[Start of Attachment]

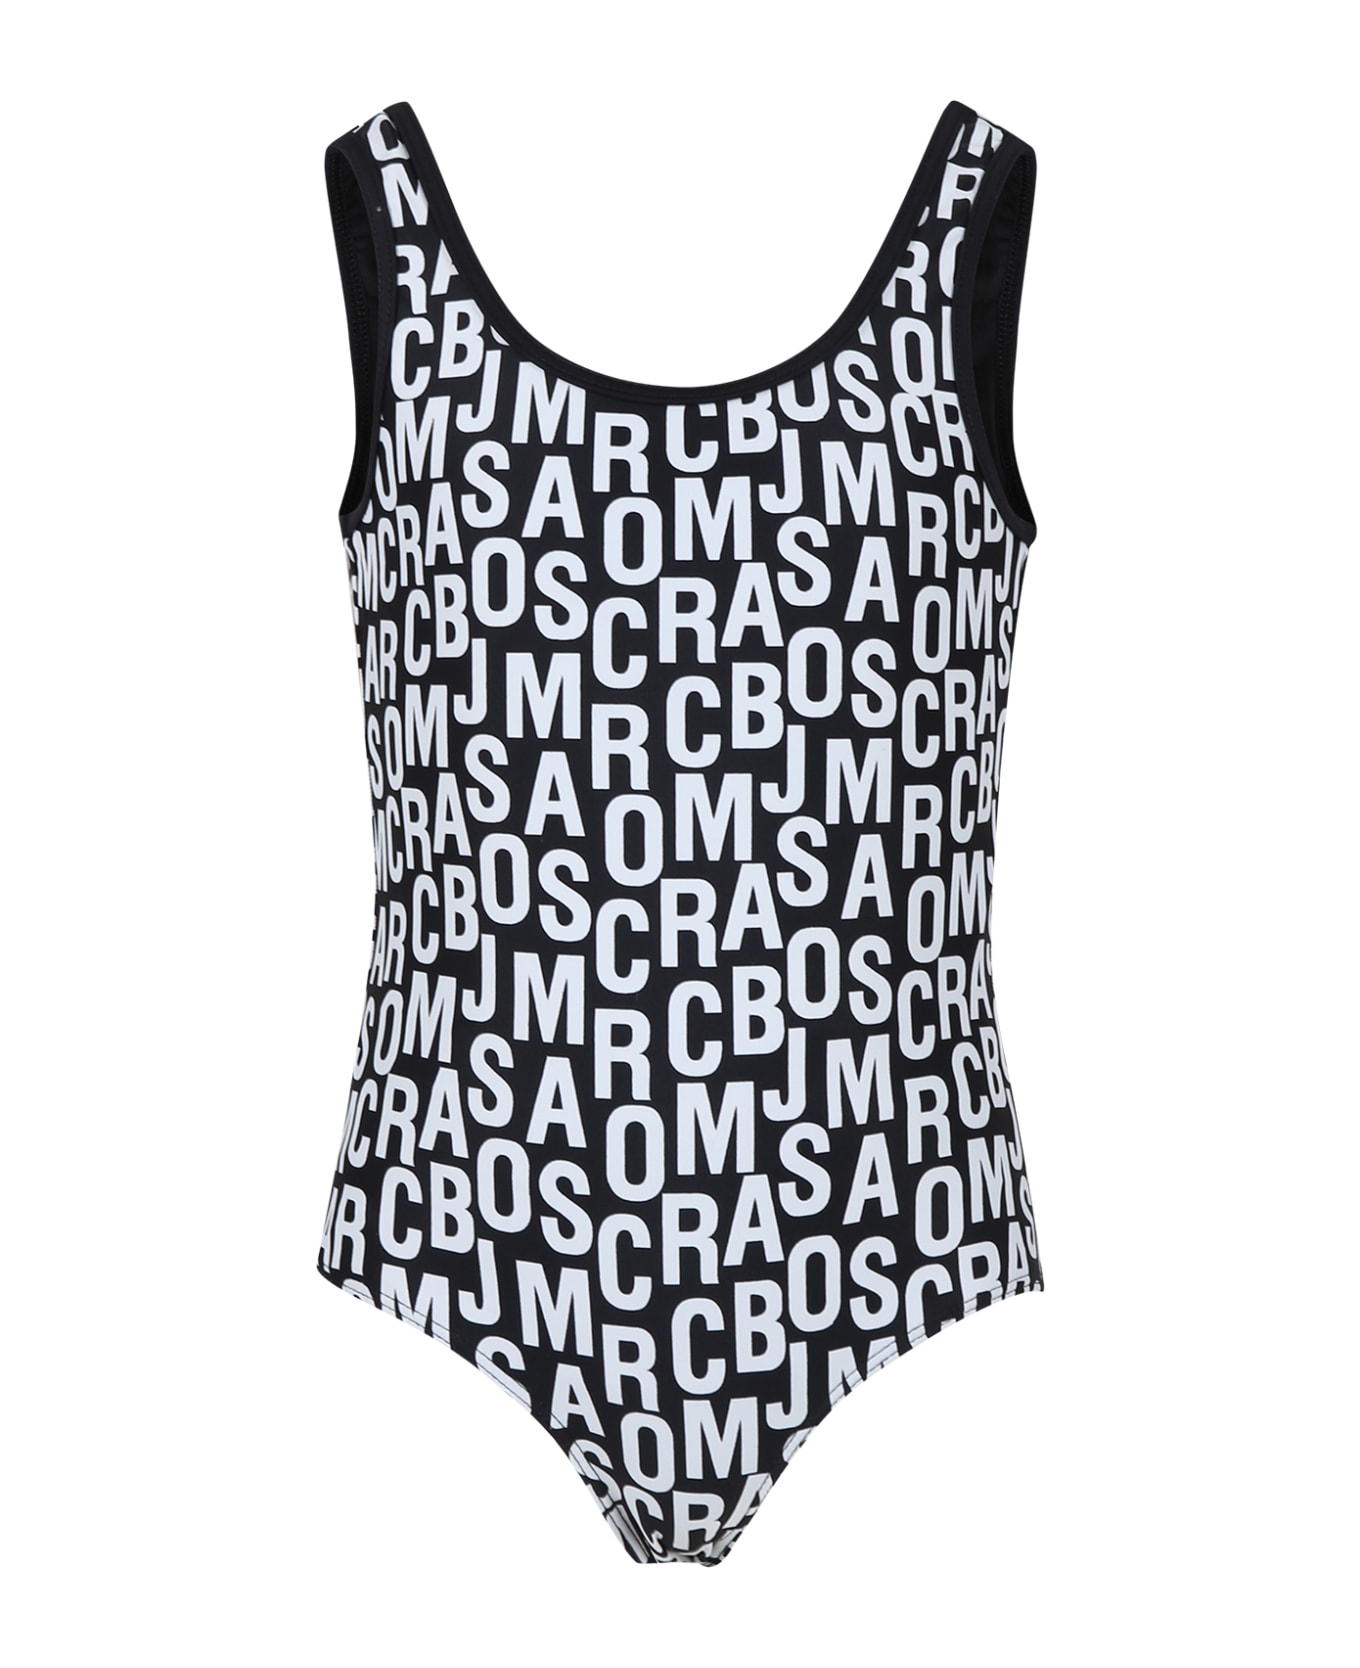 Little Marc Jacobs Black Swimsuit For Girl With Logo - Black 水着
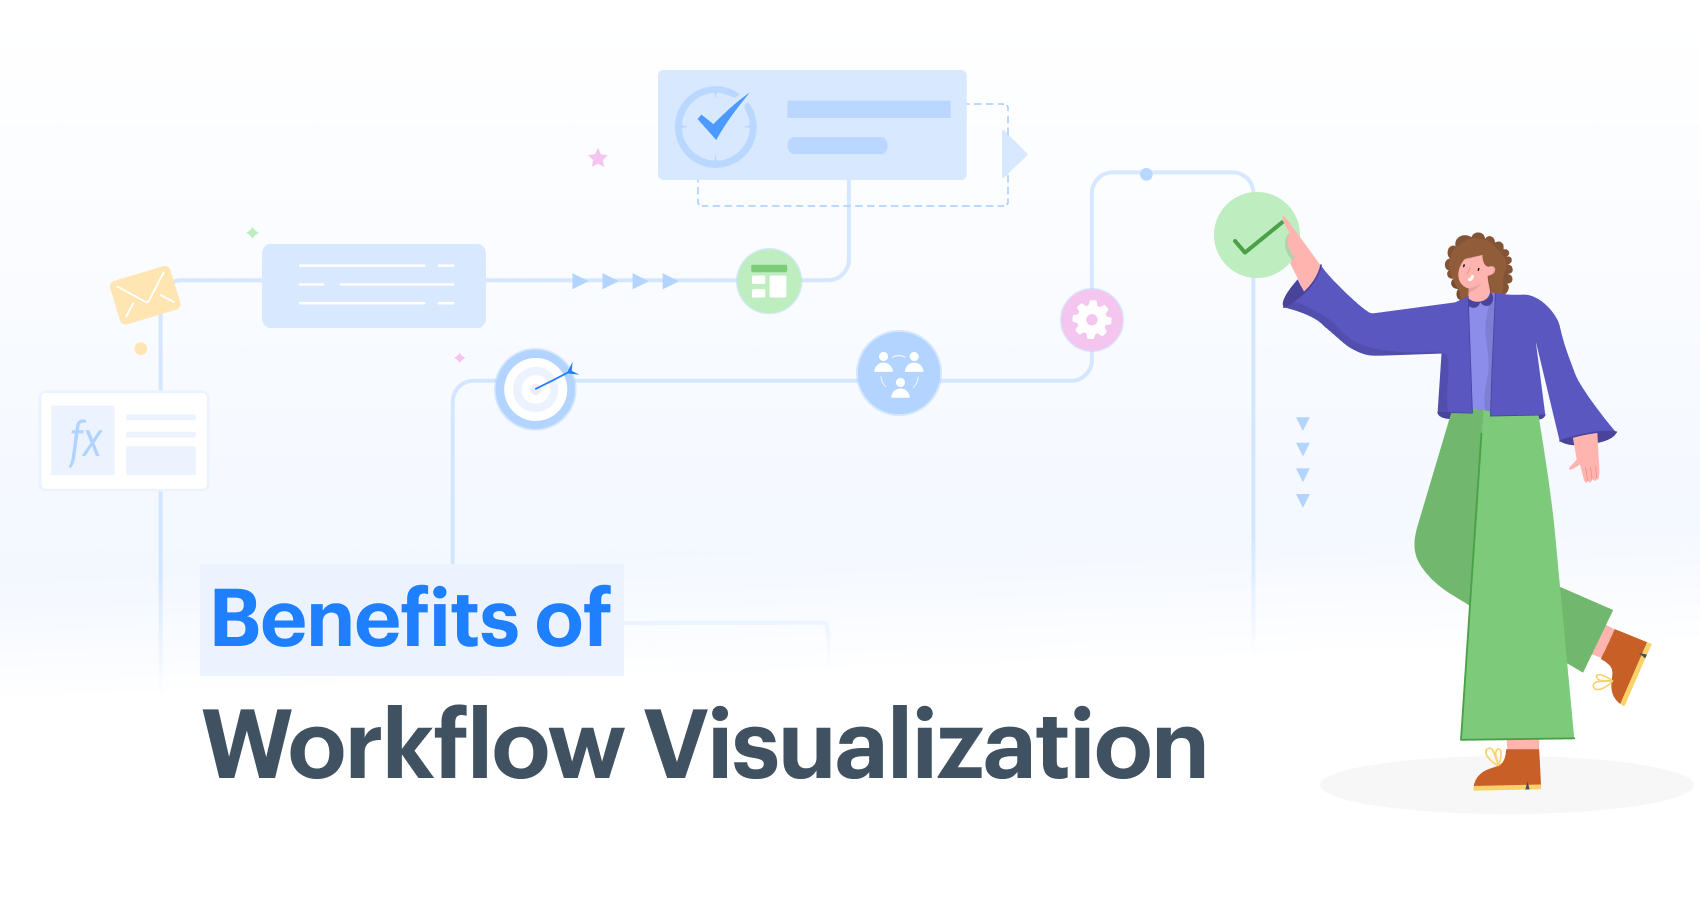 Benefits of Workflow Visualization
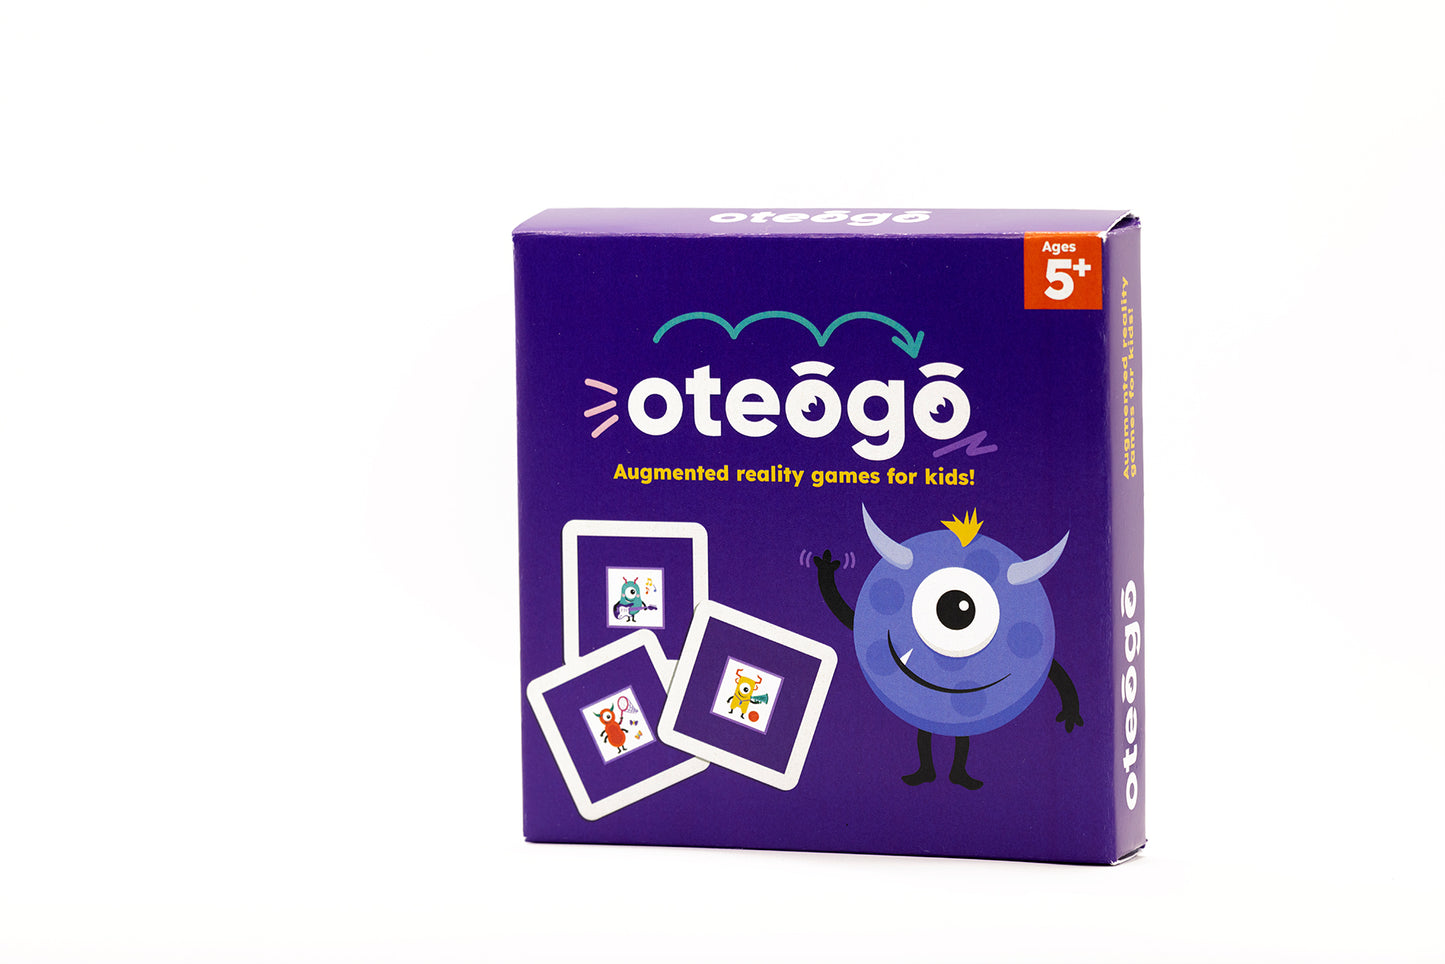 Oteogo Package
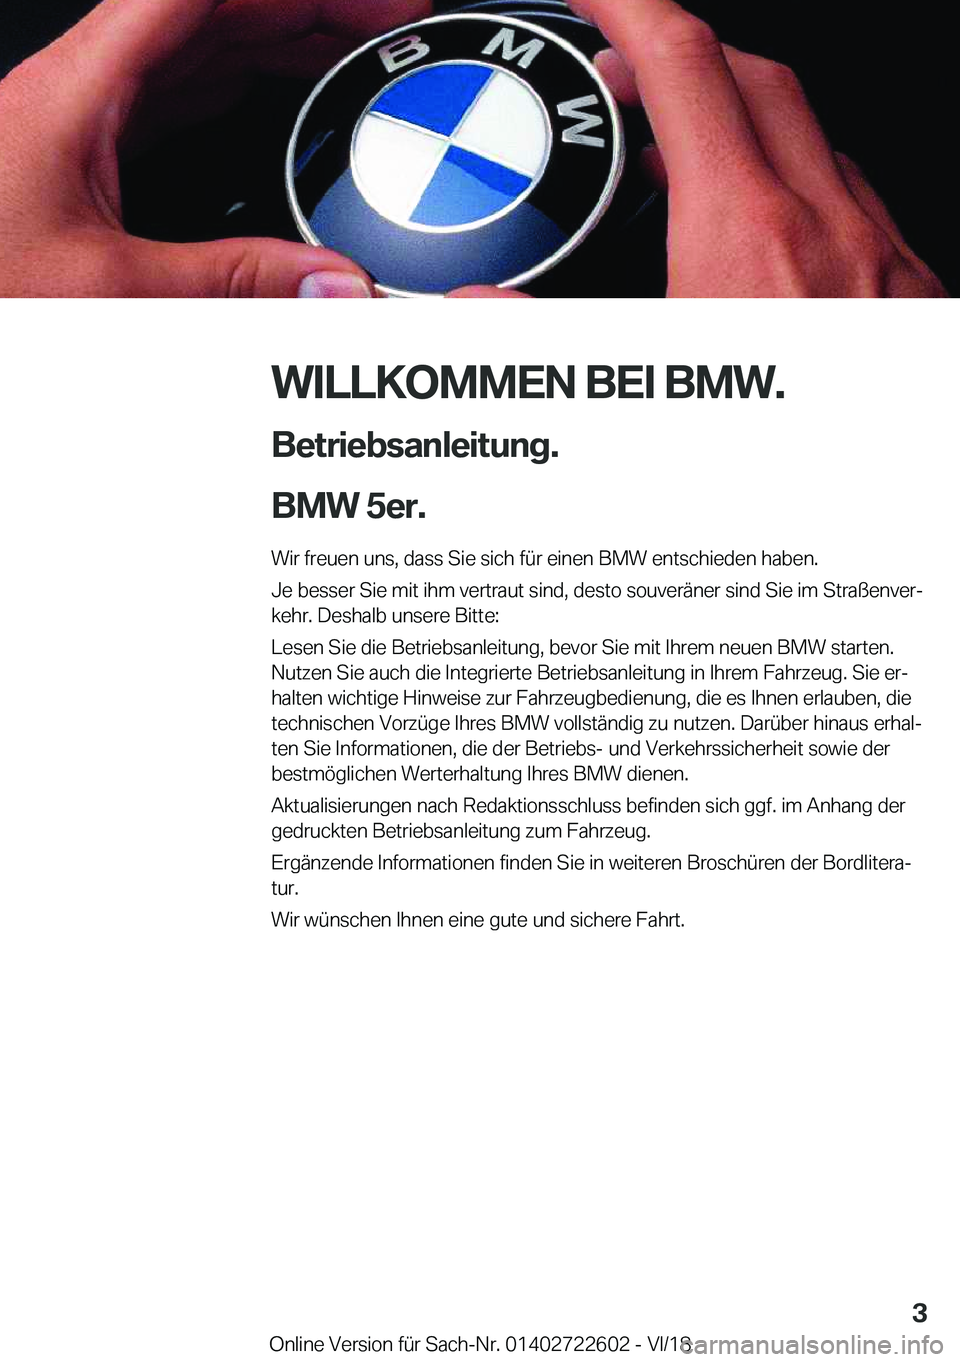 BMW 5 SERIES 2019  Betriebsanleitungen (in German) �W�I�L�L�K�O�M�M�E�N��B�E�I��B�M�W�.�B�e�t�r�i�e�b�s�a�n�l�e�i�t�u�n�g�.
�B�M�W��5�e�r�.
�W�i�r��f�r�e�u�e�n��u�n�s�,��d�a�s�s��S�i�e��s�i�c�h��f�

[End of Attachment]

* _Problem to work on_:
Leave the images out and output the remaining material exactly as it stands.

* _Reply to the task_:
 Little Marc Jacobs Black Swimsuit For Girl With Logo - Black 水着
 Benefits of Workflow Visualization
 Oteogo Package
 BMW 5 SERIES 2019  Betriebsanleitungen (in German) �W�I�L�L�K�O�M�M�E�N��B�E�I��B�M�W�.�B�e�t�r�i�e�b�s�a�n�l�e�i�t�u�n�g�.
�B�M�W��5�e�r�.
�W�i�r��f�r�e�u�e�n��u�n�s�,��d�a�s�s��S�i�e��s�i�c�h��f�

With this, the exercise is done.